Thank you again for your help

Hello,
I would read first the entries from the TTree then convert from integer to floats as below:

BDT_N::BDT_N( TString in_input_File ){
    set_initials( in_input_File );
    TMVA::Reader *reader = new TMVA::Reader( "!Color:!Silent" );

    vector<Float_t> container(inputs.variable_Names.size());

    TFile *input_MC(0);
    TFile *input_Target(0);
    TTree *MonteCarlo           = (TTree*)input_MC->Get(inputs.MC_Tree_Name);
    TTree *Target               = (TTree*)input_Target->Get(inputs.target_Tree_Name);

    Float_t MC_weight_Holder;
    Float_t MC_Reweight_Holder;
    Float_t Target_weight_Holder;
    Float_t event_Holder;

    n_MC_Events  = (Int_t)MonteCarlo->GetEntries();
    n_Target_Events  = (Int_t)Target->GetEntries();

    MonteCarlo     -> SetBranchAddress( "initialWeight", &MC_weight_Holder );
    Target         -> SetBranchAddress( "initialWeight", &Target_weight_Holder );

    // Define the input variables that were used for the MVA training
    int i = 0;
    while (i < inputs.variable_Names.size()){
        reader->AddVariable( inputs.variable_Names[i], &(container[i]) );
        i++;
    }
    //reader->BookMVA( "BDT method", BDT_weightFile  ); //methodName, weightfile
    reader->BookMVA( "BDTG method", BDT_weightFile  ); //methodName, weightfile

  // define here the variables to read from the TTree: 
 int truth_NgapJets25;
 ...
 MonteCarlo  -> SetBranchAddress("truth_NgapJets25", &truth_NgapJets25);
   //same here for other variables 
   ......

    double result;
    for(int i = 0; i < n_MC_Events; i++){

     //   for (int j = 0; j < inputs.variable_Names.size(); j++){
     //       MonteCarlo  -> SetBranchAddress(inputs.variable_Names[j], &(container[j]));
     //       MonteCarlo -> GetEvent(i);
     //   }
      MonteCarlo -> GetEntry(i);
      // fill here the container with your variables
     container[0] = float(truth_NgapJets25);
    .......

     // evaluate MVA 
     reasult = reader -> EvaluateMVA(container, "BDTG method); 

      //  result = reader -> EvaluateMVA( "BDTG method" ); // Do i want the
        MC_ReWeights_vec[i] =  ((1.0 + result) / (1.0 - result)) * MC_Weights_vec[i] ;
    }
}

This would require the knowledge that truth_NgapJets is an int before having run the code.I believe i have said, but I would like to do this without having to look into the Root file to determine the data type beforehand.

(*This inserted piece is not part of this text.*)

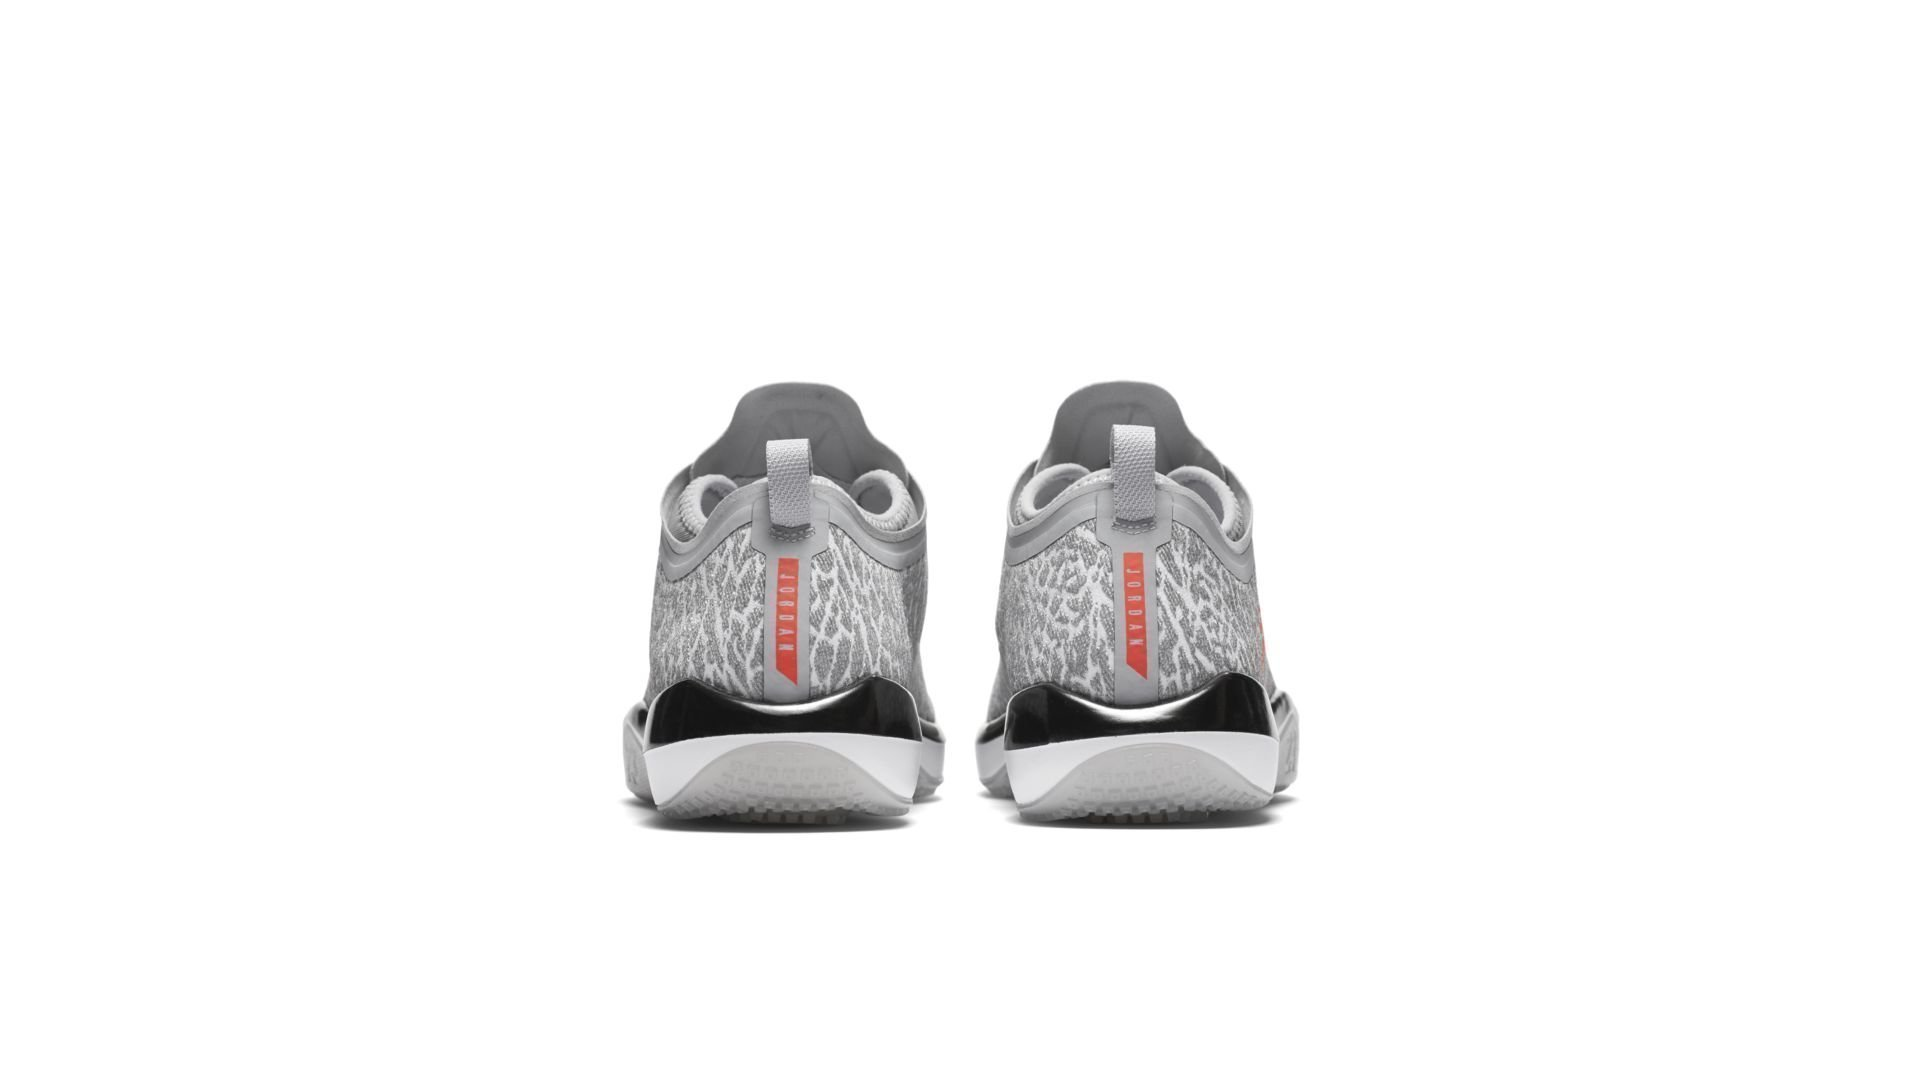 Jordan Trainer 1 Low Wolf Grey Infrared 23 (845403-103)

By "defining the variables to be read from the TTree, ie hard coding in the variable truth_NgapJets25, you assume that that variable MUST be in the Root file you provide the code. The Root file will not be the same file every time. I don’t want to have to go into the code and copy and paste the line “SetBranchAdress(…)” every single time i want to run the code on different data. I want it to do that dynamically, given only the name of the variable as input.

Thank you for your response and patience, I hope the problem i am trying to solve is clearer now?